Optimising against an Effective Metric

Applying RVIM is only beneficial if used to optimise a metric in a way that increases the value of that particular application. As the saying goes, time is money, and time-based metrics are among the easiest and most profitable to optimise against. A fast deploy keeps the feedback loops tight, but why not take it one step further and consider Full-Rebuild Time: for any running application, how quickly can you get another one into production and delivering value?

As an application scales up, the time between failures becomes far less important than how quickly you can recover from failures. After a certain point, applications will fail most of the time and fault-tolerance becomes an absolute necessity.

In eXtreme Programming Explained, Kent Beck talks about the concept of a coffee-break build - being able to build your application in the time it takes for a cup of coffee - and the idea of a coffee-break deploy is the next logical step. But what about a coffee-break rebuild? Can we deploy a change and rebuild an entire application in the time it takes to get a hot drink?

In order to shrink our pipeline like this, we must apply RVIM to almost all time-based metrics within our pipeline. Compilation, unit tests, full integration tests, provisioning environments, application deployment, everything. All of these steps will need to be fully automated and monitored, which for large applications can be a Herculean task. Luckily, we have a huge toolbox provided to us by the trend of Software-Defined Everything which I cover later on.

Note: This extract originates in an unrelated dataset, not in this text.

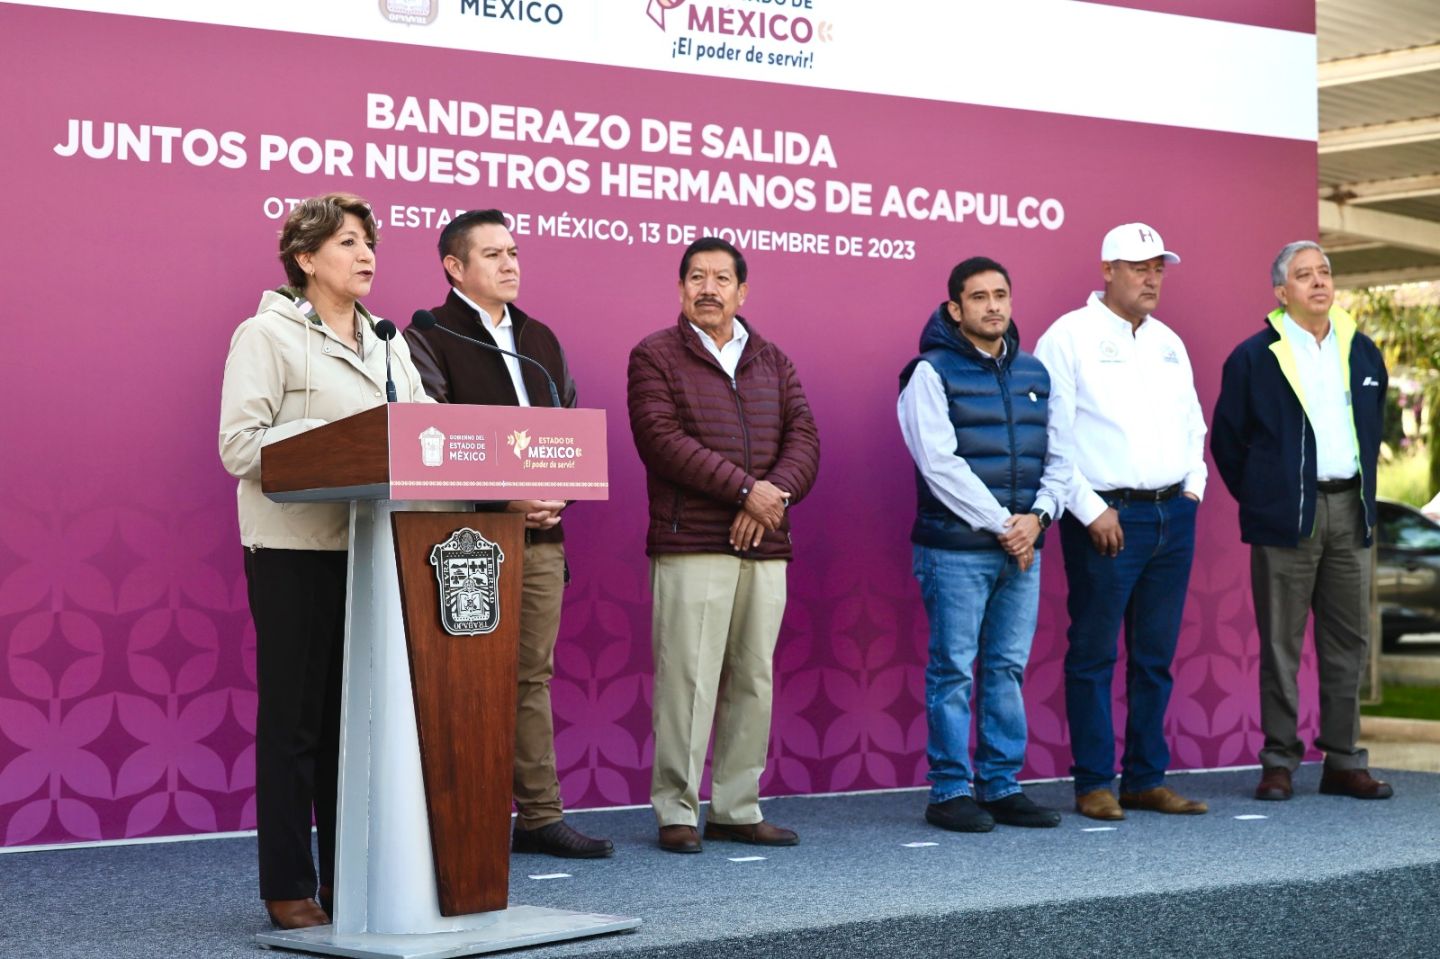 La Gobernadora Delfina Gómez destaca el humanismo mexiquense y da banderazo de salida a 60 camiones para realizar labores de limpieza en Acapulco, Guerrero

Time-based metrics are among the lowest hanging fruit to build metrics and feedback around but we can be more conceptual with these ideas. How about using the difference between different instances of our production environment as our measure? Running different versions of Apache, Tomcat, or PostgreSQL in the same application stack should be a smell. Running applications on different virtual instances should probably be a smell too. We can act against this configuration drift by being extremely aggressive with rebuilding and reprovisioning instances - luckily automation and software-defined everything can help us out here too.

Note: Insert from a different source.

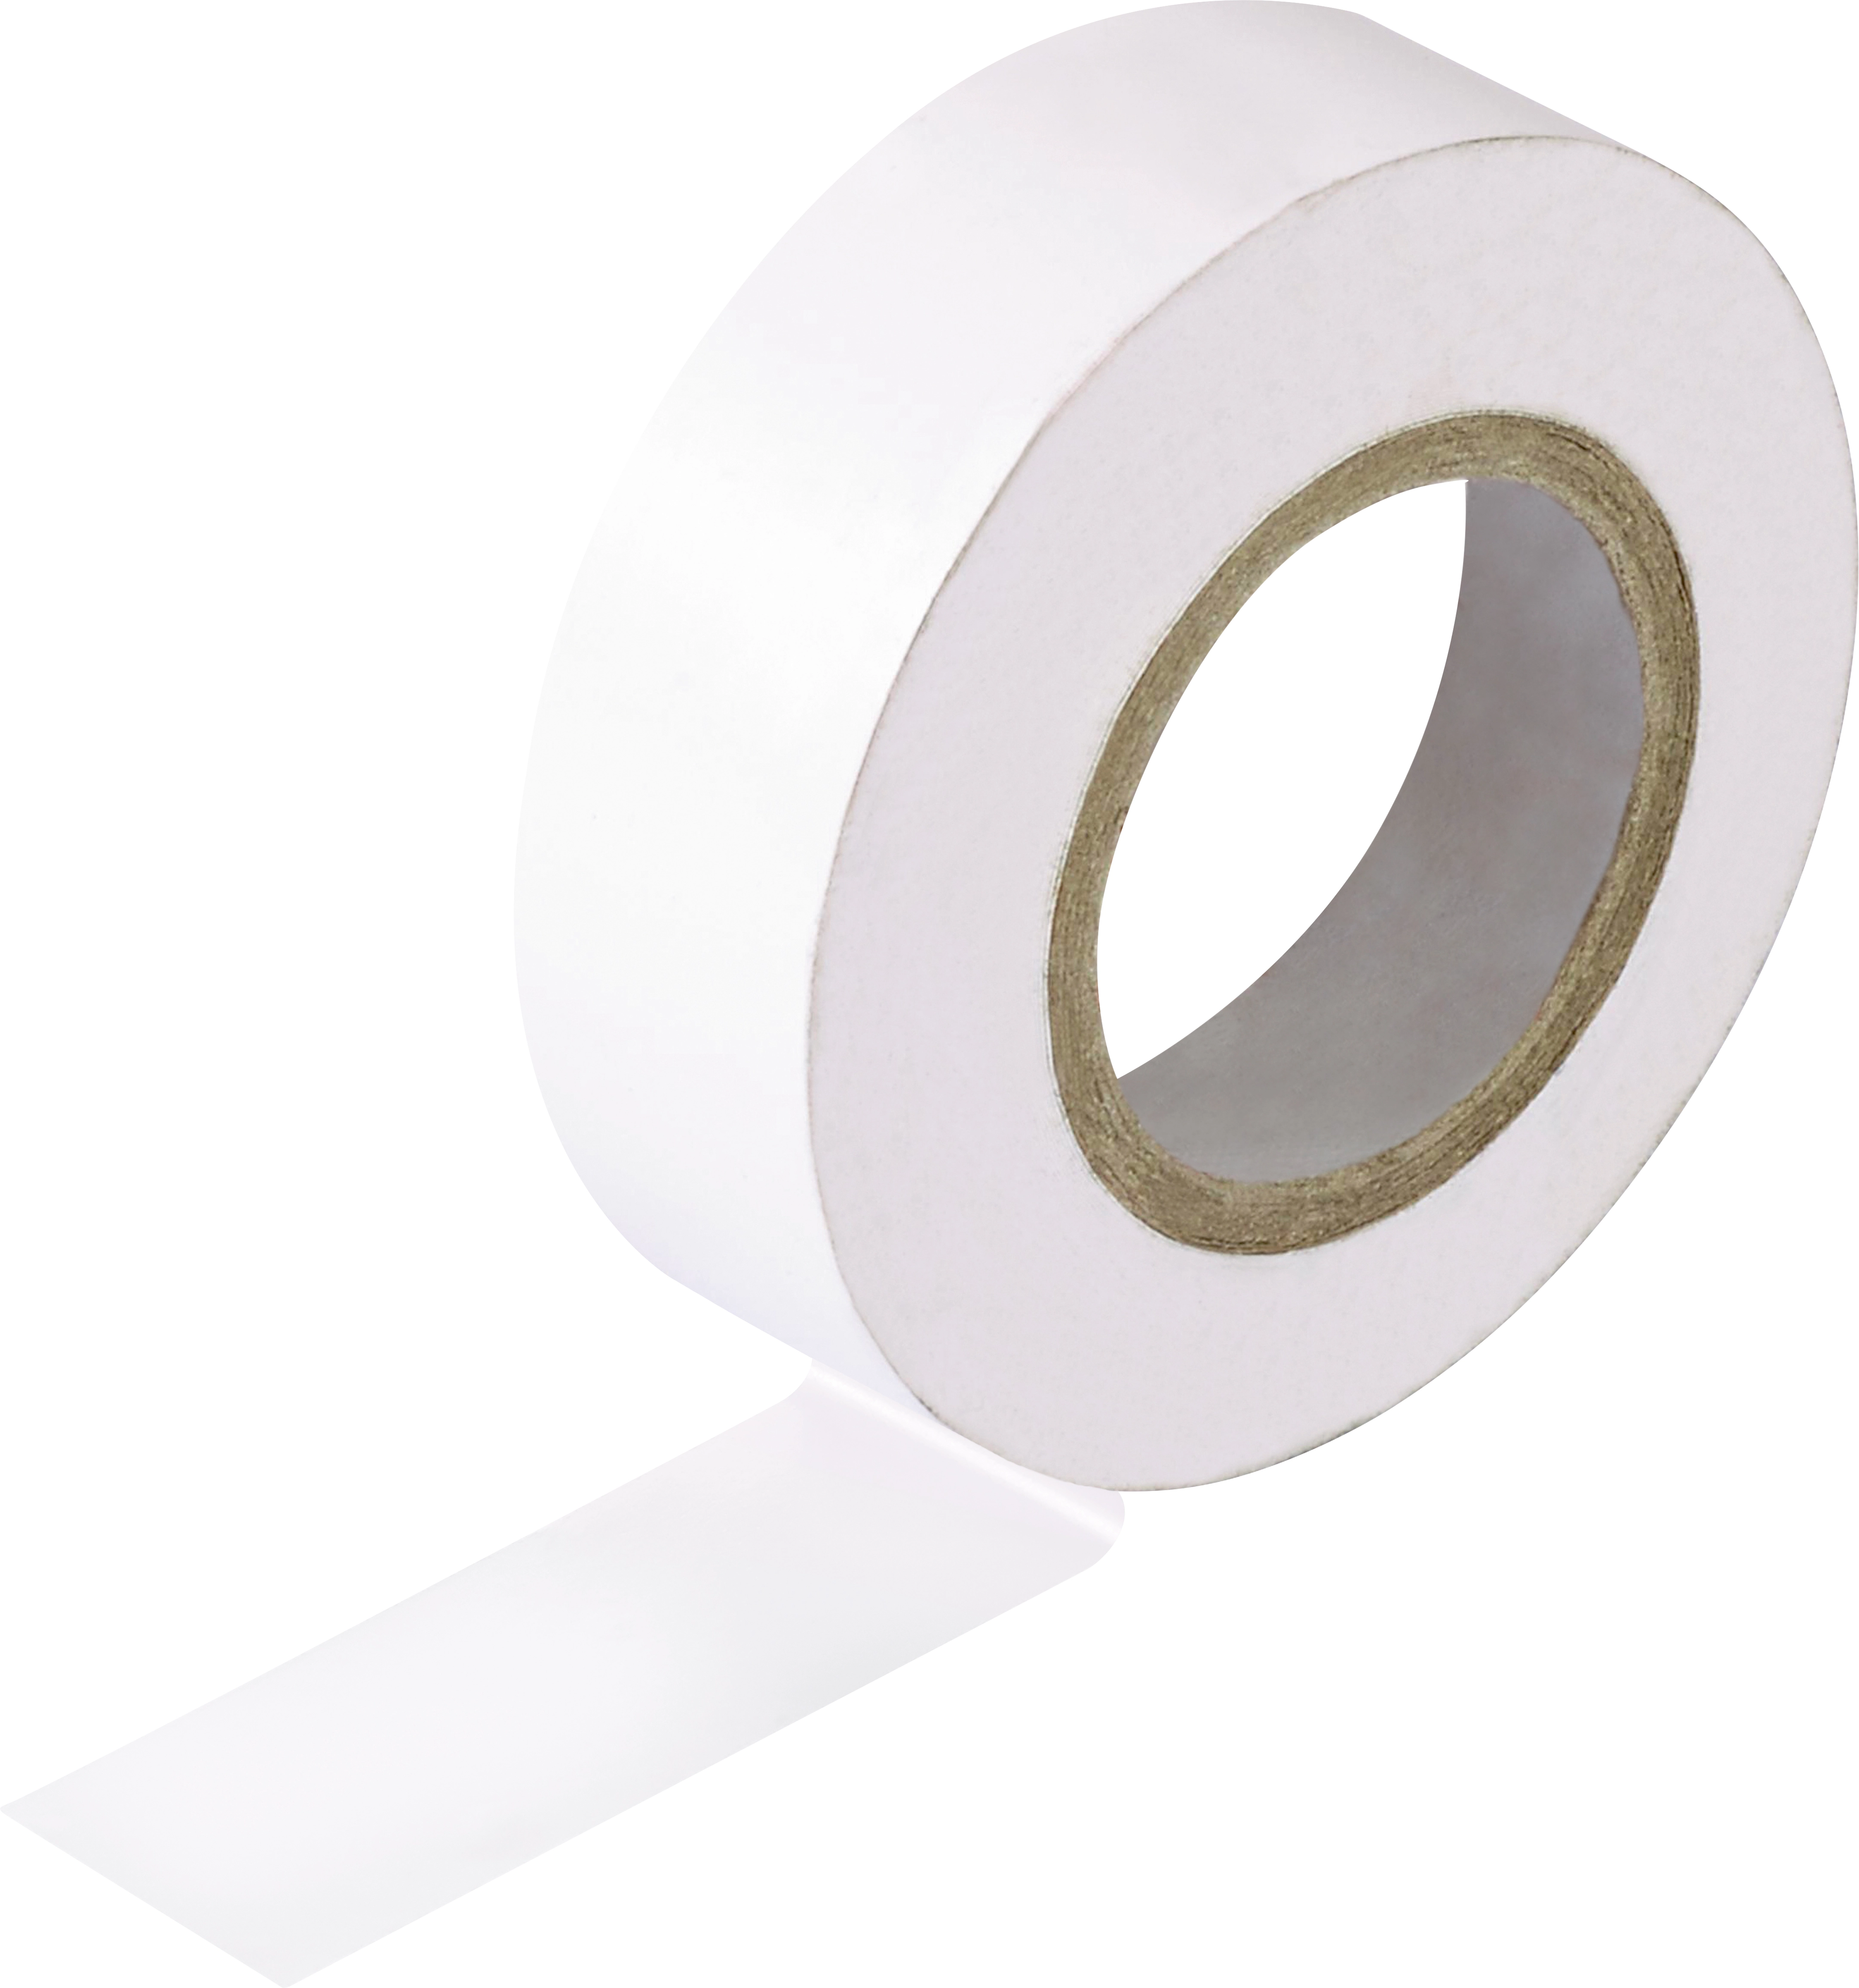 Isolierband Weiß 15 mm x 10 m kaufen bei OBI

It’s not all sunshine and roses: one potentially negative effect of homogenisation is the reduction of innovation or evolution, although this can be countered with explicit innovation/experimentation time. We also need to be wary of making metrics into solid targets. They are signposts, gesturing us in the right direction to solve our next problems, rather than something we need to reduce because low values are inherently good. It’s easy to speed up test runs: remove all the tests. This is obviously a terrible idea but demonstrates the idea of metrics being targets as opposed to a source of guidance.